Although the present invention has been described with reference to the above embodiment, the present invention is not limited to the above embodiment,
As a matter of course, it includes various aspects according to the principle of the present invention.

[0032]

As described above, according to the present invention,
By eccentrically arranging a large number of gas outlets, the gas distribution can be widened, and by providing blade-shaped projections in the outer peripheral direction of the gas outlets, the amount of gas fed can be made even more uniform. This has the effect of making it possible to change the growth conditions by controlling the rotation speed of the diffusion plate and to stabilize the gas supply in response to changes in gas viscosity and the like. That is, according to the vapor phase growth apparatus of the present invention, it is possible to supply a uniform gas, and it is possible to achieve more uniform growth of the semiconductor film than the conventional example.

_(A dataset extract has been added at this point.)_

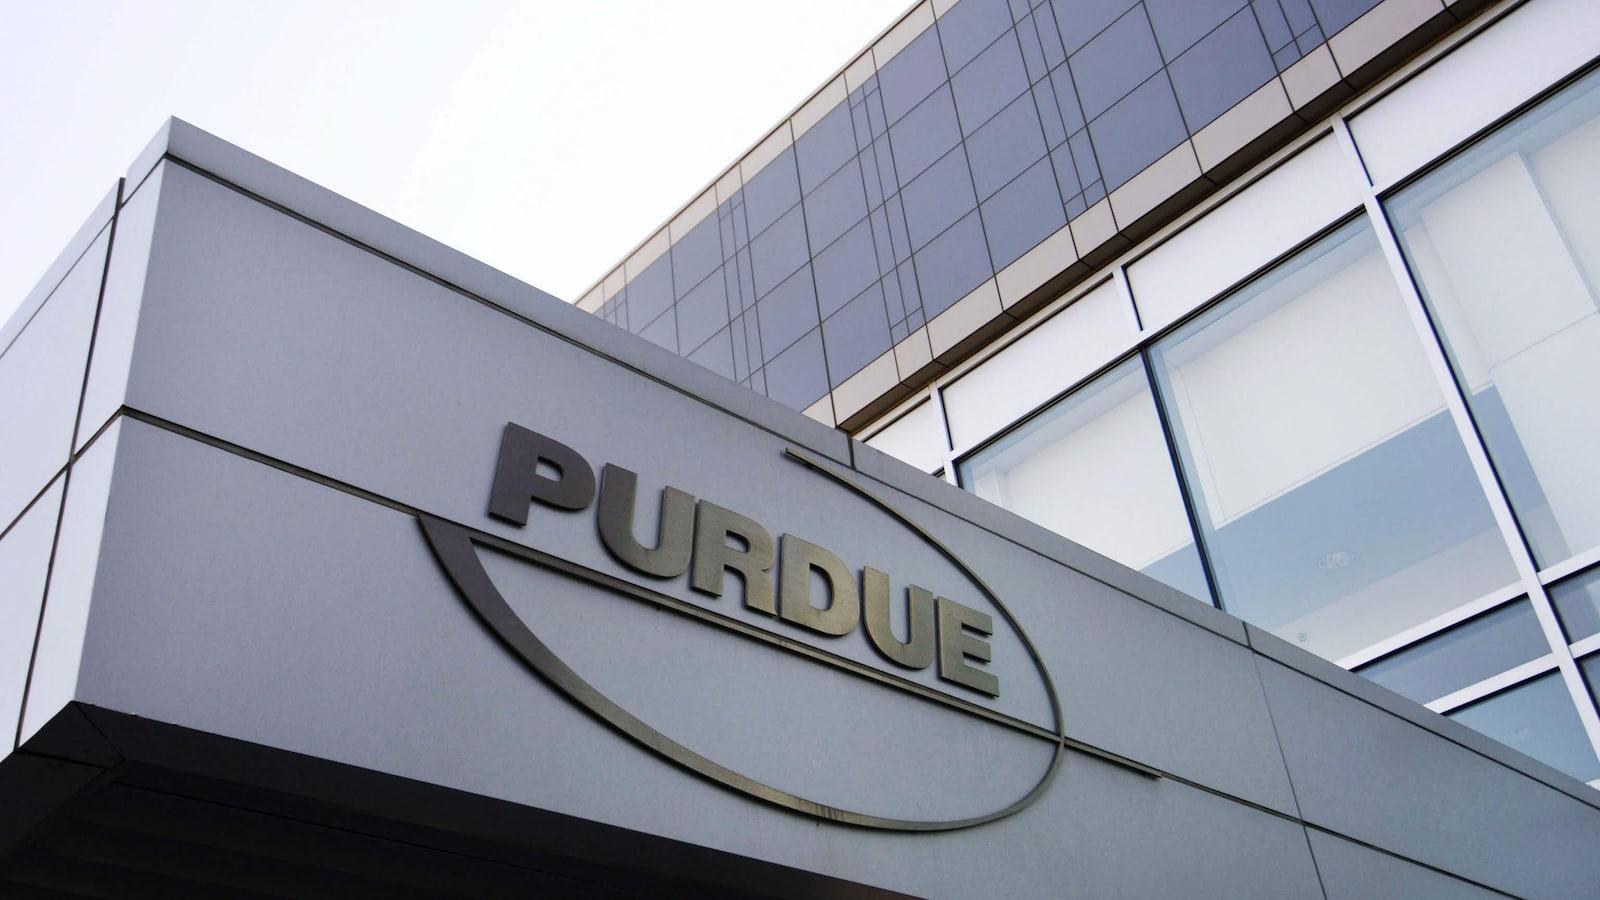 Logo de la compagnie Purdue.

[Brief description of drawings]

FIG. 1 is a diagram showing a configuration of a vapor phase growth apparatus according to an embodiment of the present invention.

FIG. 2 is a diagram illustrating a configuration of an exemplary embodiment of the present invention.

FIG. 3 is a diagram illustrating a configuration of an exemplary embodiment of the present invention.

FIG. 4 is a diagram showing a gas flow rate distribution of an example of the present invention and each conventional example.

FIG. 5 is a diagram showing a configuration of a conventional vapor phase growth apparatus.

FIG. 6 is a diagram showing a configuration of a conventional vapor phase growth apparatus.

[Explanation of symbols]

 1 Chamber 2 Susceptor 3 Substrate 4 Gas Inlet 5 Exhaust 6 Mass Flow Controller 7 Stop Valve 8 Shower Head 9 Diffuser 10 Protrusion (Wing) 11 Rotating Motor 12 Rotating Shaft 13 Gas Injecting Port

Claims (3)

[Claims] 1. A vapor phase growth apparatus for supplying a gas from a gas spouting plate having a plurality of holes to grow a film on a semiconductor substrate, wherein the gas spouting plate is rotated upstream from the gas spouting plate. 1. A vapor phase growth apparatus comprising a diffusion plate which is freely movable and is provided with a plurality of gas ejection ports in an eccentric manner. 2. The diffusion plate has a disk shape, is provided with a blade-shaped protrusion in the outer peripheral direction of the gas ejection port, and the protrusion is increased toward the outer periphery. The vapor phase growth apparatus according to claim 1. 3. The vapor phase growth apparatus according to claim 1, wherein the diffusion plate is configured so that the rotation speed is freely set.